Return to feeding location, invert….and within one minute, in my yard…bees!


----------



## D.A.S. (Jun 17, 2011)

If you put a yellow jacket trap near your bee feeder with fresh fish in it or raw hamburger with some apple juice the yellow jackets will go to it but not the bees.


----------



## beemandan (Dec 5, 2005)

D.A.S. said:


> yellow jackets will go to it but not the bees.

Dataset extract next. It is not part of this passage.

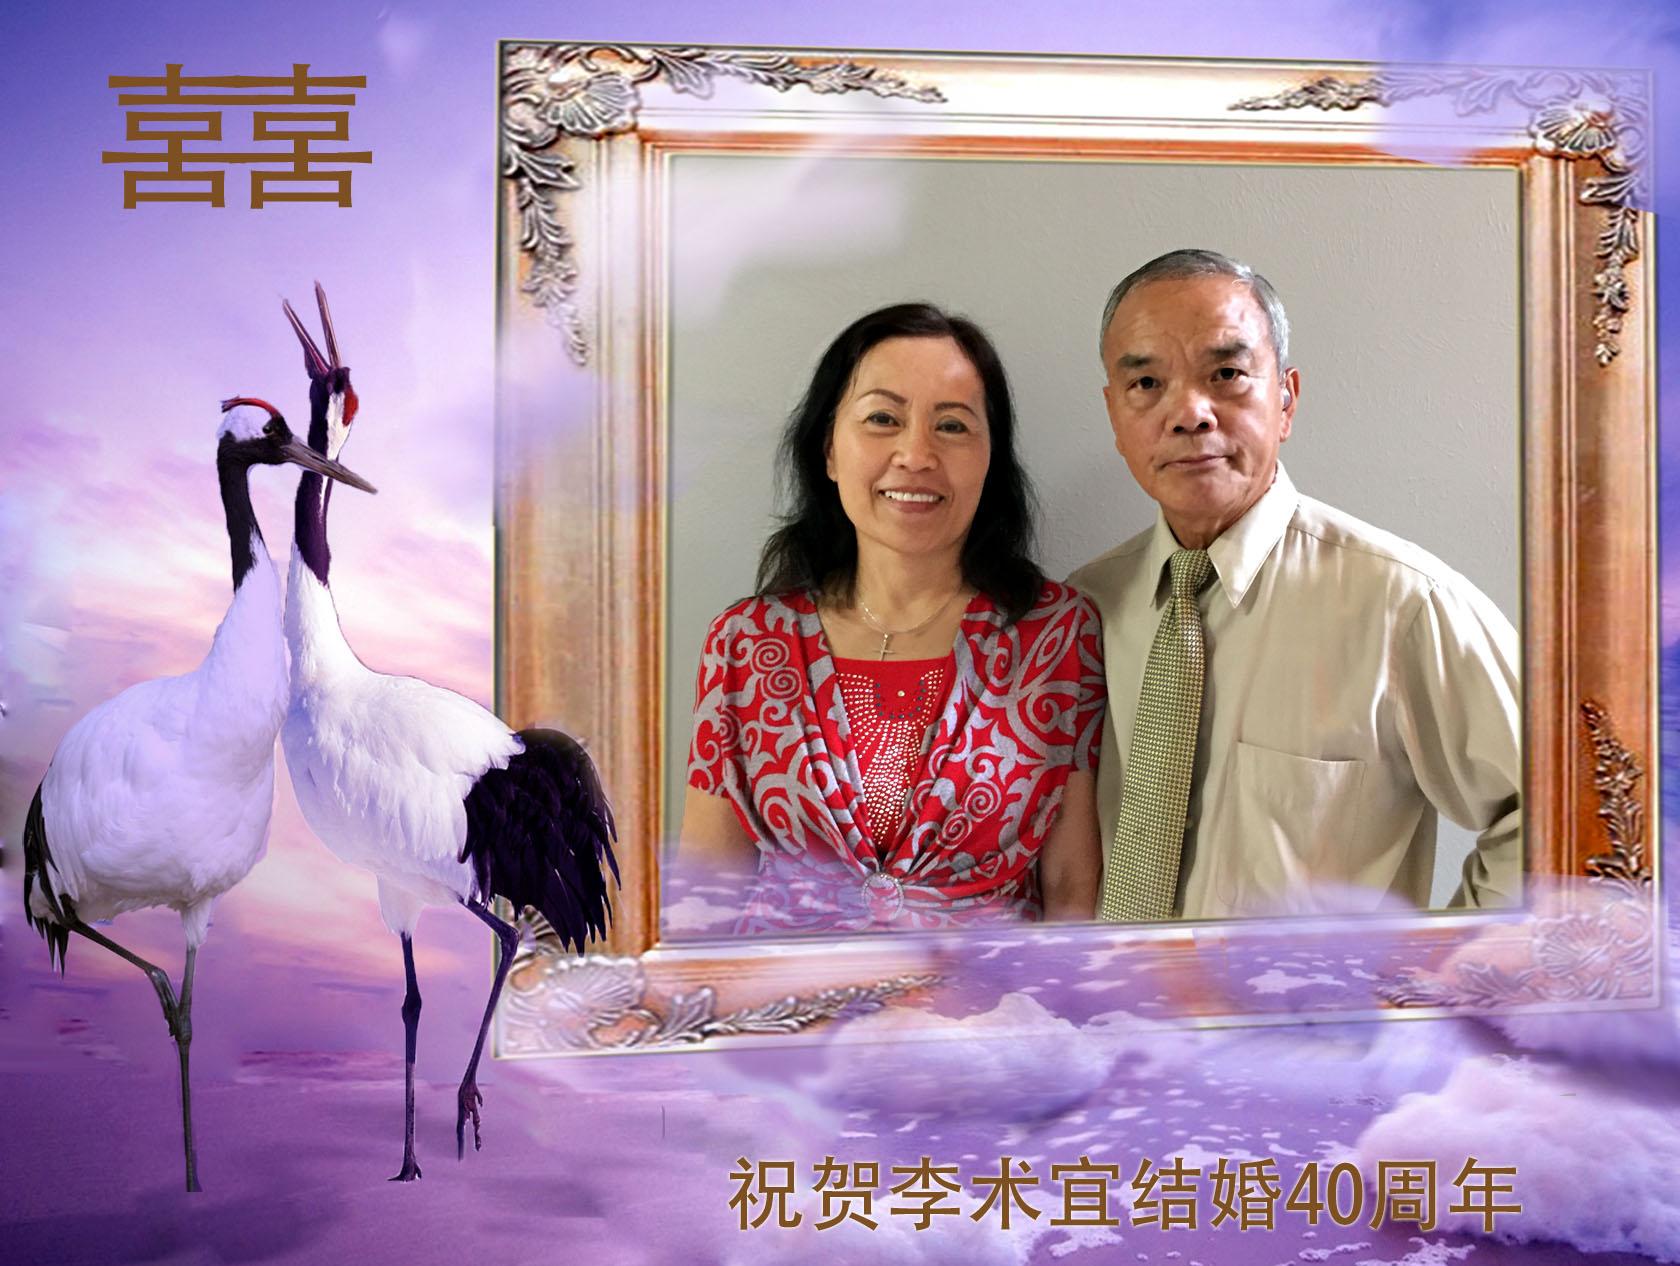 周年 結婚 40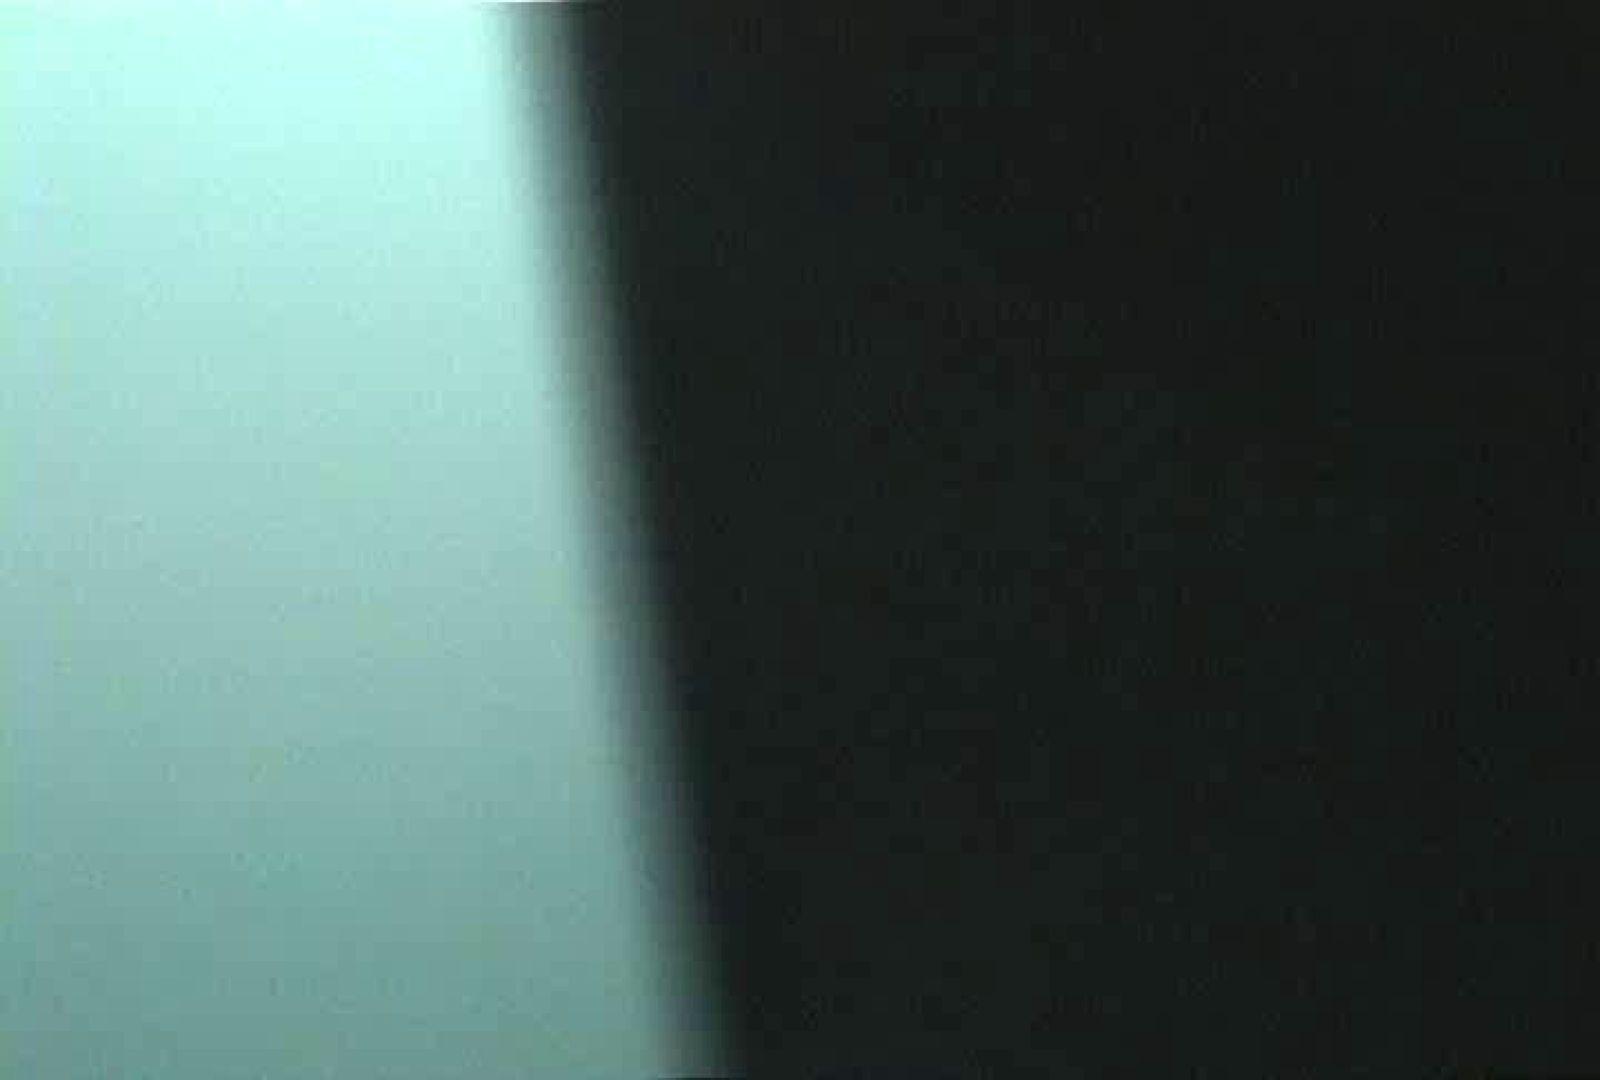 充血監督の深夜の運動会Vol.42 カップル 盗み撮り動画キャプチャ 55連発 19

I know I'm feeding the local population of yj (and ants, etc) but they are a small proportion of the visitors...by far the greatest number are honey bees. I'm also feeding the neighboring ferals...but am happy to do that as well.
The attraction of the syrup feeder to shb is, again, interesting to me.


----------



## wdcrkapry205 (Feb 11, 2010)

Same here, I am surprised such a large amount of beetles are attrached to syrup. So I guess the dead ones drowned? Two weeks ago I found a hive full of bees and honey with no brood and no pollen (and I mean none) even during the goldenrod flow. I tore 3 boxes down during the inspection and only saw 1 beetle. I believe if the bottom box had been full of pollen like it should have been the beetles would have already taken it. I gave it a queen and a small amount of protein patty, checked it Saturday and she was out and laying. Just goes to show that some hives will collect pollen when they are queenless and some won't, you can't judge whether it is or isn't just by looking at bottom board activity.
Thanks for the pics, like your feeder.


beemandan said:


> I know I'm feeding the local population of yj (and ants, etc) but they are a small proportion of the visitors...by far the greatest number are honey bees. I'm also feeding the neighboring ferals...but am happy to do that as well.
> The attraction of the syrup feeder to shb is, again, interesting to me.


----------



## dirt road (Jan 4, 2011)

beemandan; What size are the holes? Also, I assume the holes would need to be below the edge of the lid when the bucket is inverted?
jim


----------



## beemandan (Dec 5, 2005)

dirt road said:


> What size are the holes? Also, I assume the holes would need to be below the edge of the lid when the bucket is inverted?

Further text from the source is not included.